#### DATASET EXCERPT:
============================================================

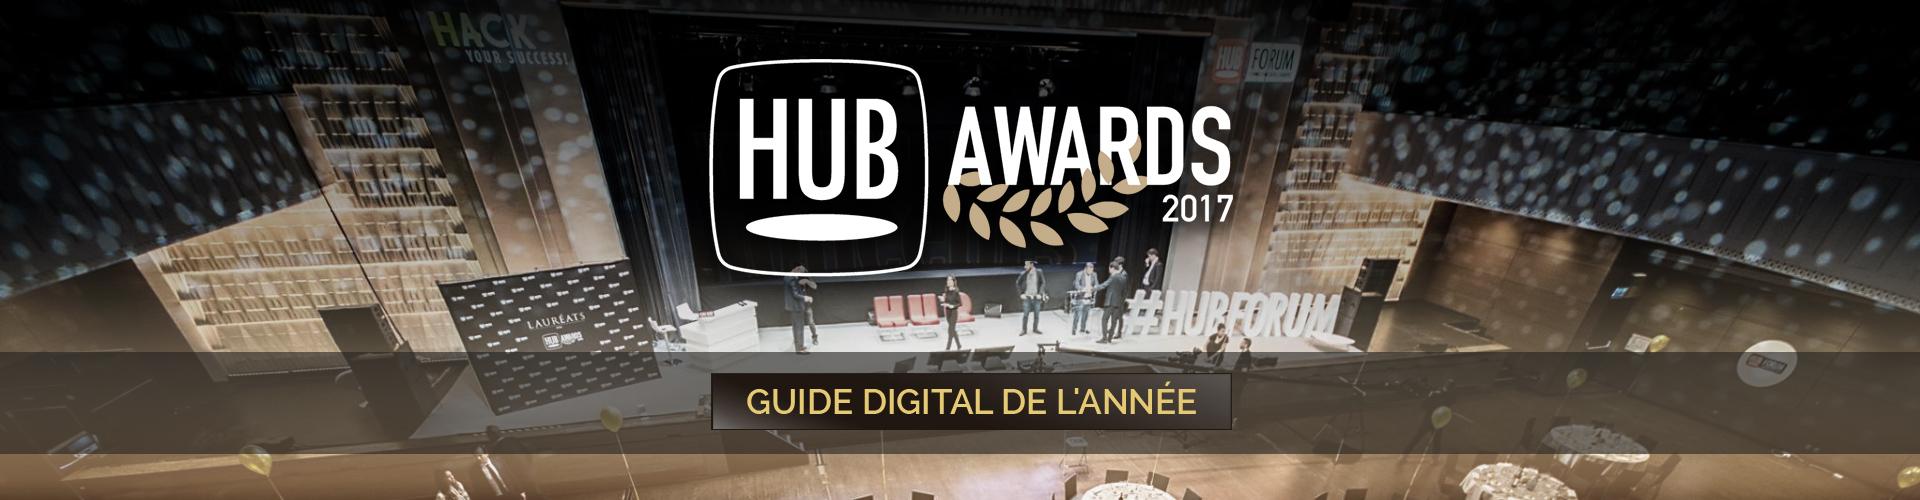 Olivier Laborde Trophée HUB Awards 2017 Guide digital de l'année
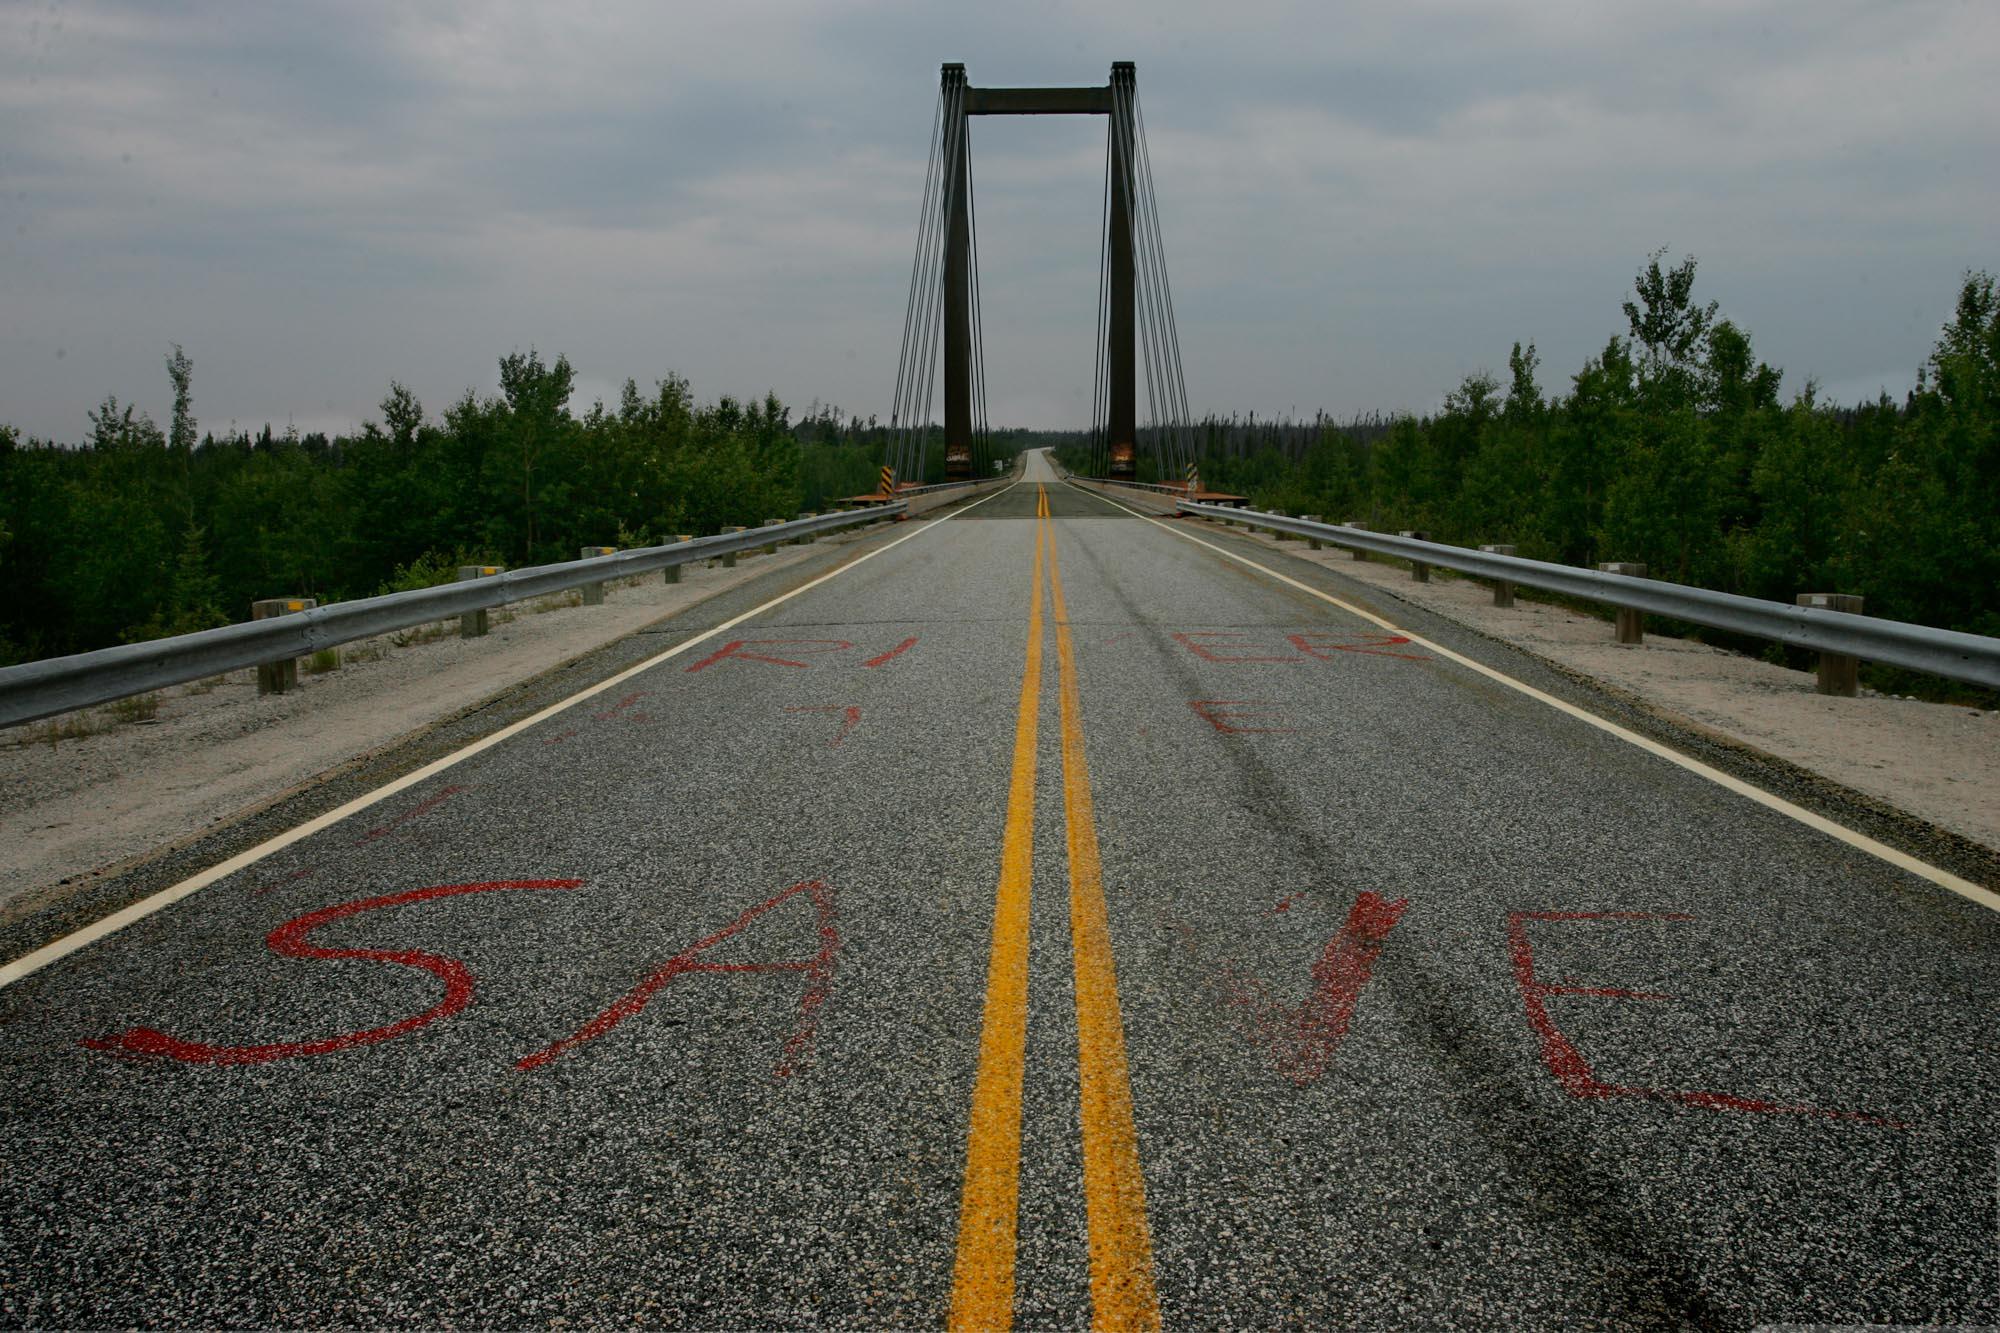 Rivière Rupert, Juillet 2006. Le pont qui enjambe la Rivière Rupert  sur la route de la Baie James au rapide Oatmeal est couvert de message messages sans équivoque. Ici sur le bitume on a peint en lettres rouges, Save The River
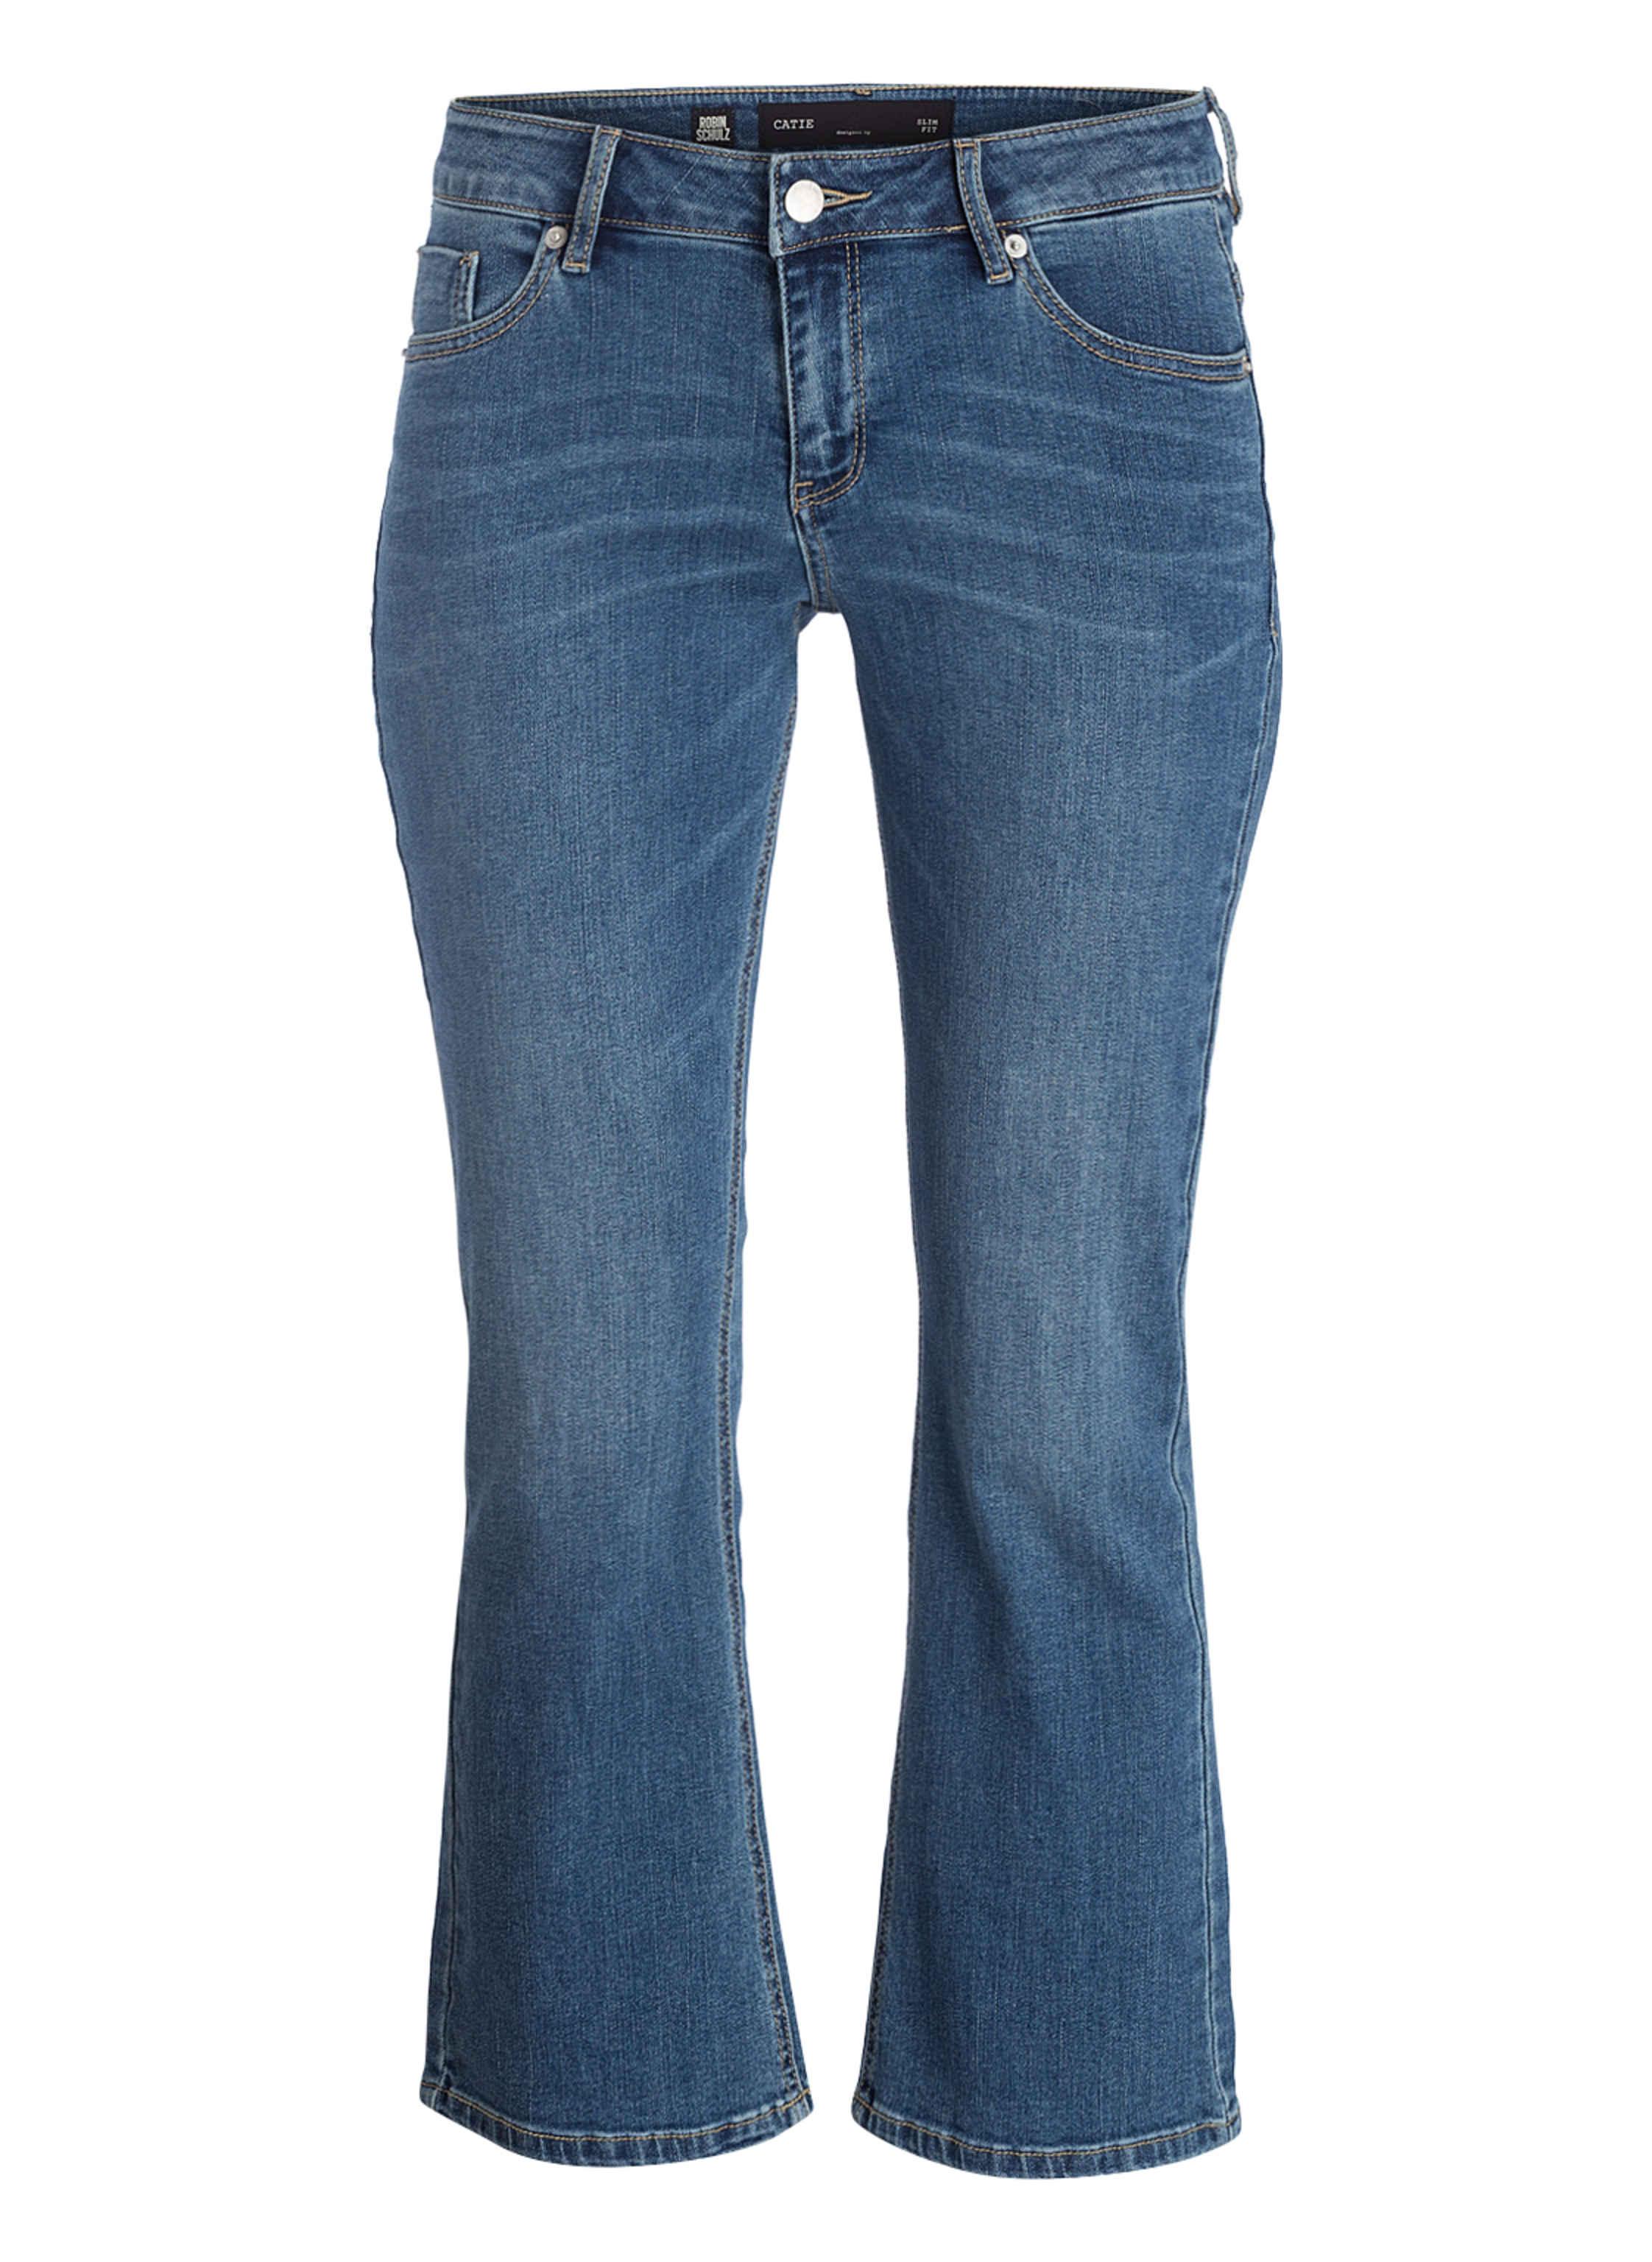 27717bf2d50c37 7 8-Jeans CATIE von Q S designed by bei Breuninger kaufen
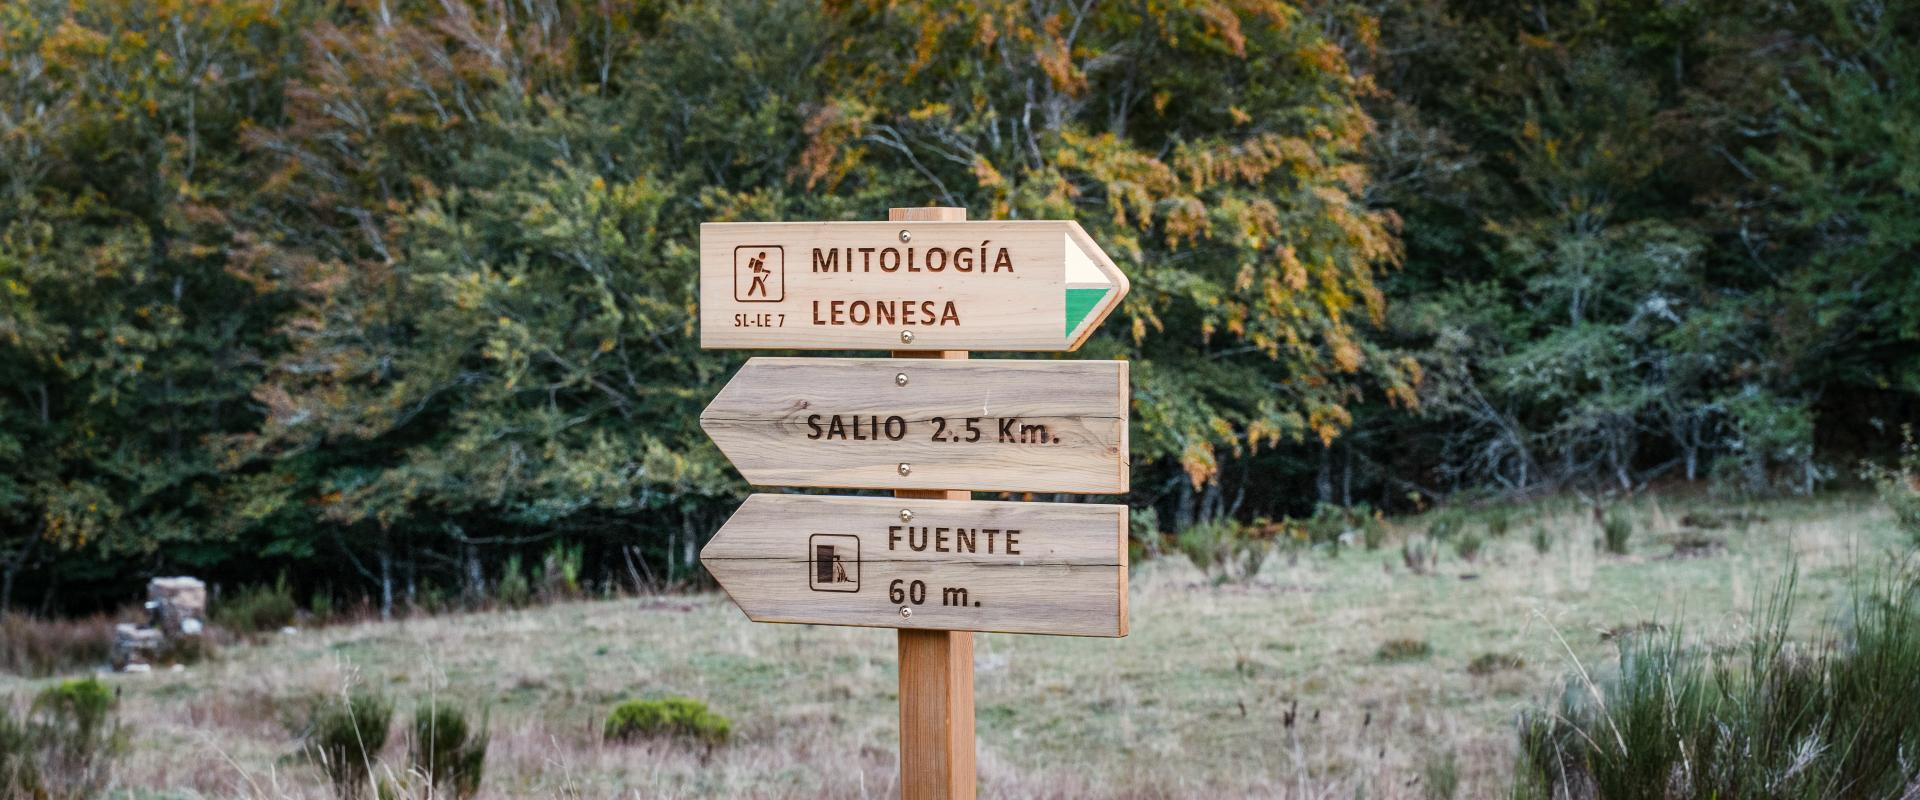 SENDA MITOLÓGICA (TURISMO MONTAÑA RIAÑO)

============================================================

#### WORK INSTRUCTION:
Every line above needs to be written out again as it stands. Pictures do not belong in the copy.

#### SOLUTION FOR THIS EXERCISE:
 Olivier Laborde Trophée HUB Awards 2017 Guide digital de l'année
 Rivière Rupert, Juillet 2006. Le pont qui enjambe la Rivière Rupert  sur la route de la Baie James au rapide Oatmeal est couvert de message messages sans équivoque. Ici sur le bitume on a peint en lettres rouges, Save The River
 27717bf2d50c37 7 8-Jeans CATIE von Q S designed by bei Breuninger kaufen
 SENDA MITOLÓGICA (TURISMO MONTAÑA RIAÑO)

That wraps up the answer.